Survival camp? How can you not have bad feelings about that?
Sixteen-year-old nerd (or geek, but not dork) Henry Lambert has no desire to go to Strongwoods Survival Camp. His father thinks it might help Henry man up and free him of some of his odd phobias. Randy, Henry’s best friend since kindergarten, is excited at the prospect of going thanks to the camp’s promotional YouTube video, so Henry relents. When they arrive at the shabby camp in the middle of nowhere and meet the possibly insane counselor (and only staff member), Max, Henry’s bad feelings multiply.

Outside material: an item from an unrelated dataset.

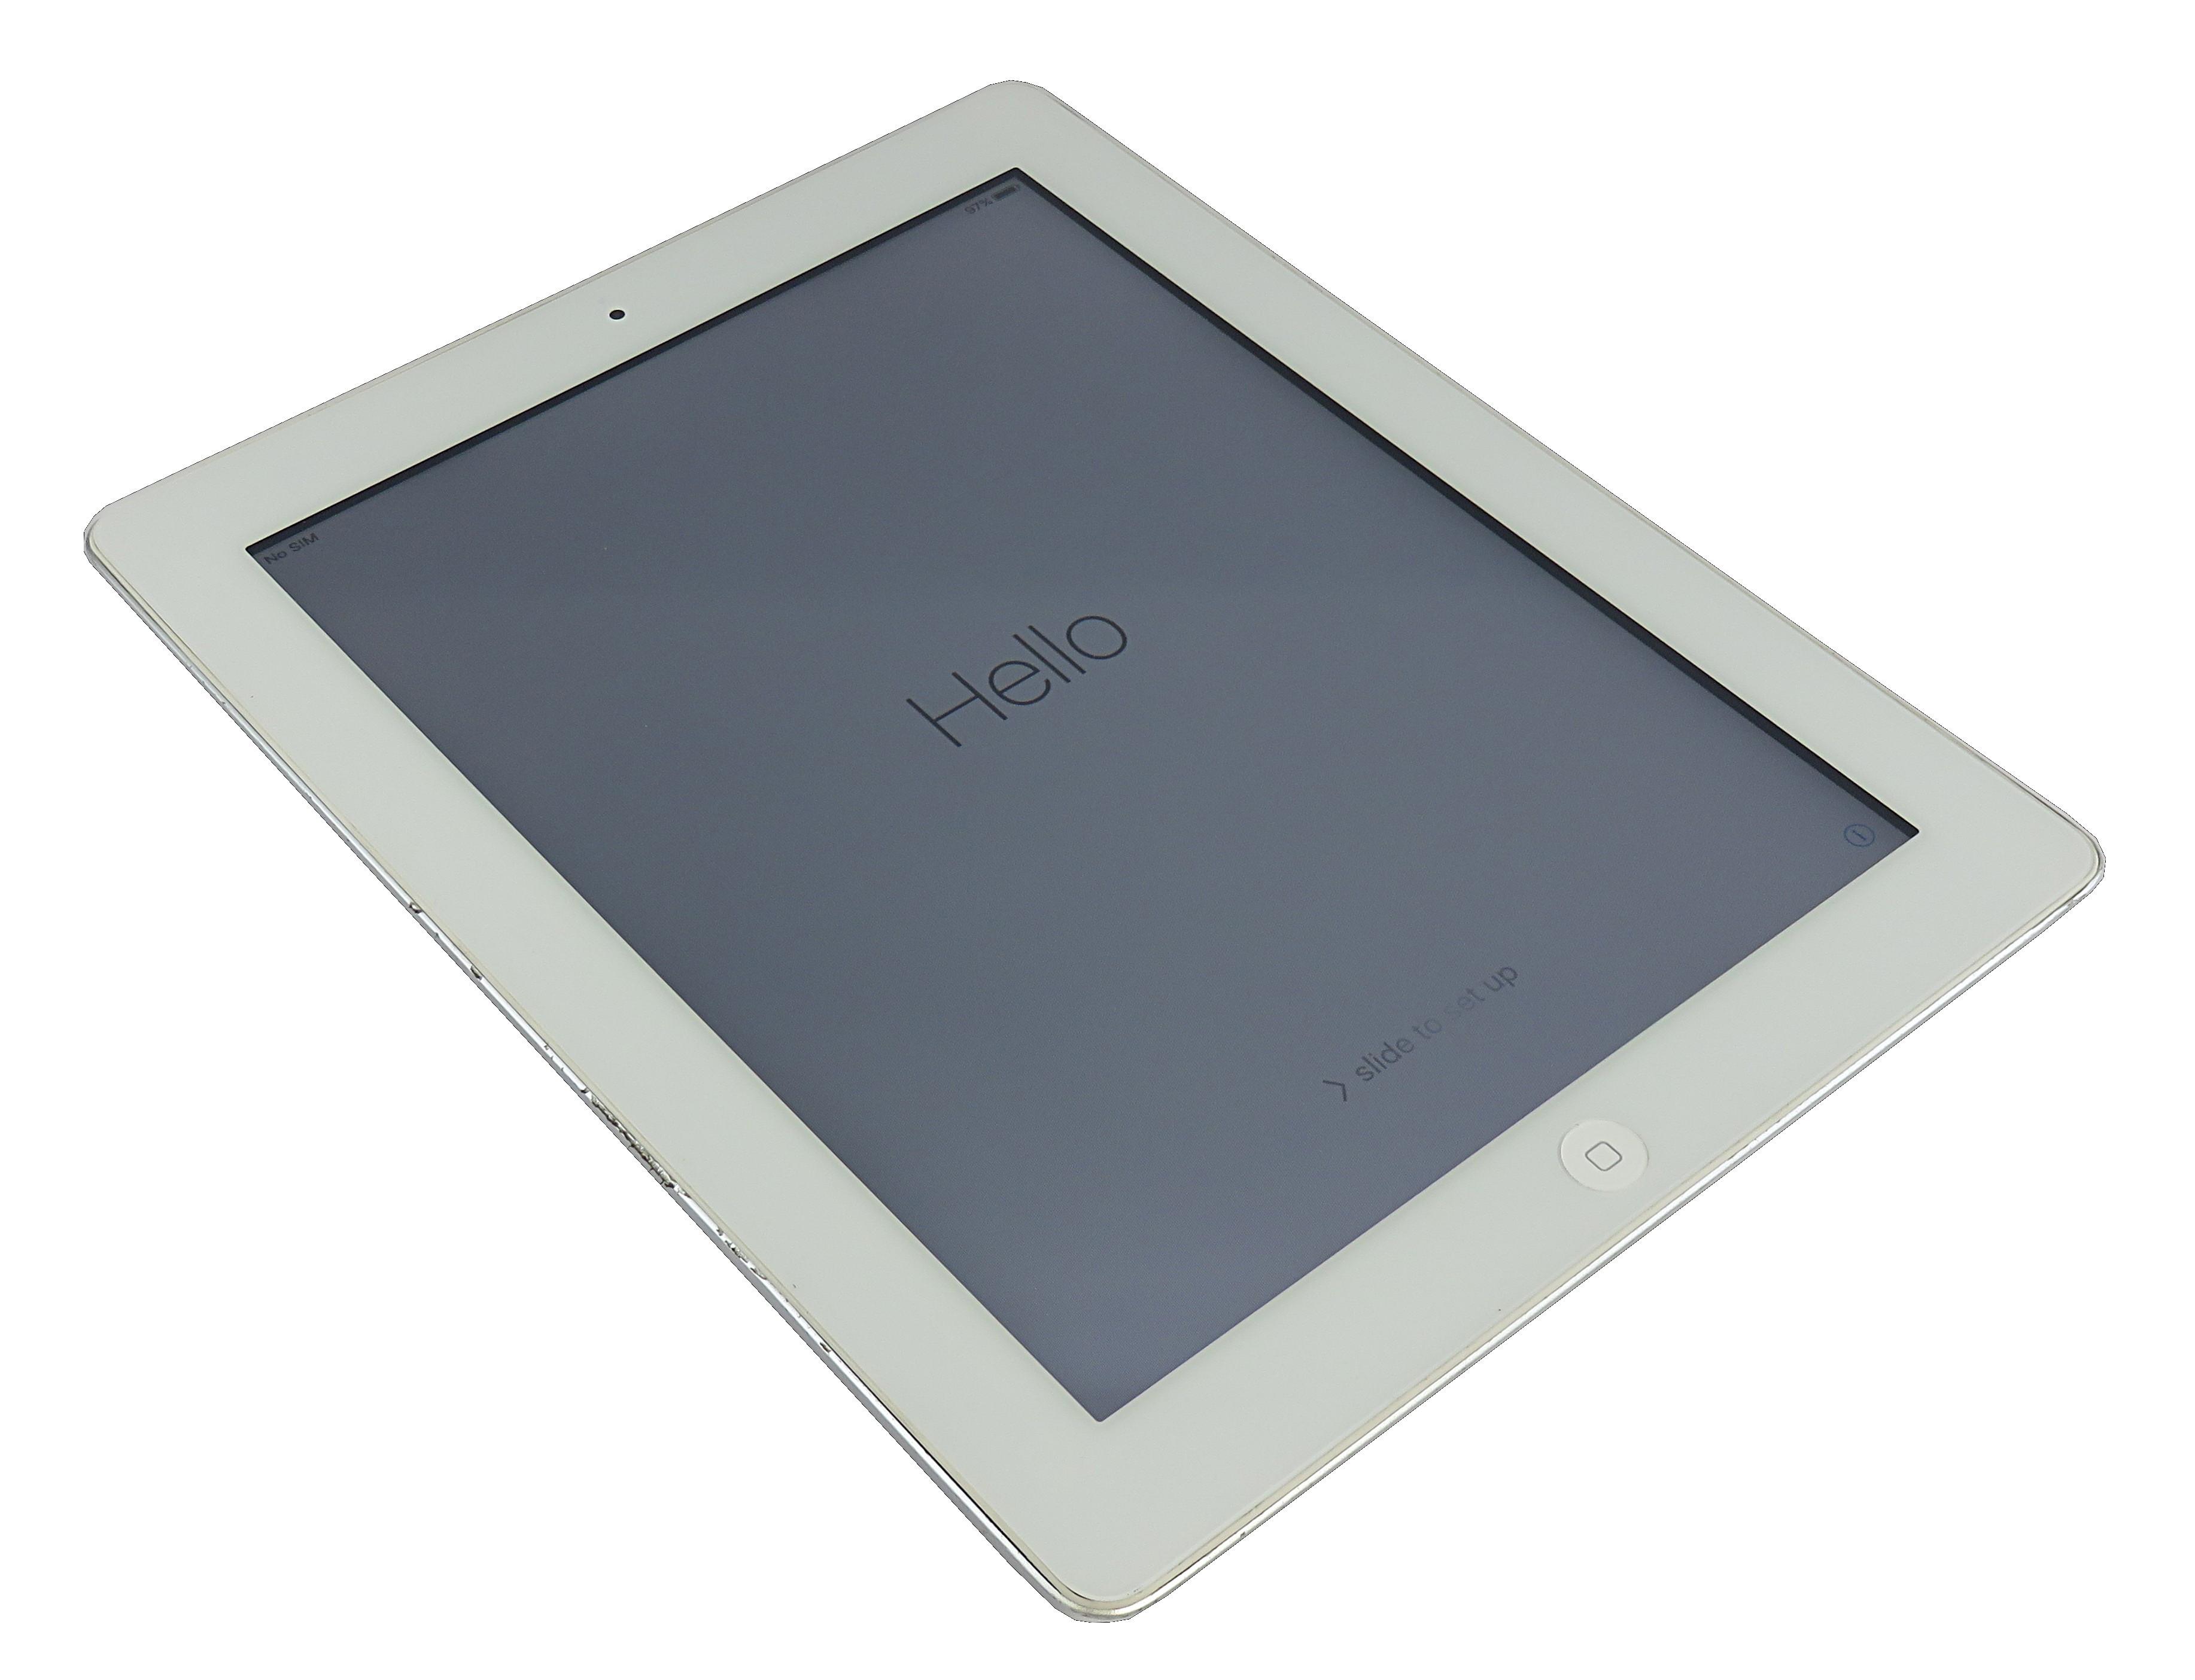 Apple iPad 2 A1396 - 32GB / WiFi+GSM / White / Grade B

Max tries to train his five campers with a combination of carrot and stick, but the boys are not athletes, let alone survivalists. When a trio of gangsters drops in on the camp Games to try to collect the debt owed by the owner, the boys suddenly have to put their skills to the test. Too bad they don’t have any—at all. Strand’s summer-camp farce is peopled with sarcastic losers who’re chatty and wry. It’s often funny, and the gags turn in unexpected directions and would do Saturday Night Live skits proud. However, the story’s flow is hampered by an unnecessary and completely unfunny frame that takes place during the premier of the movie the boys make of their experience. The repeated intrusions bring the narrative to a screeching halt.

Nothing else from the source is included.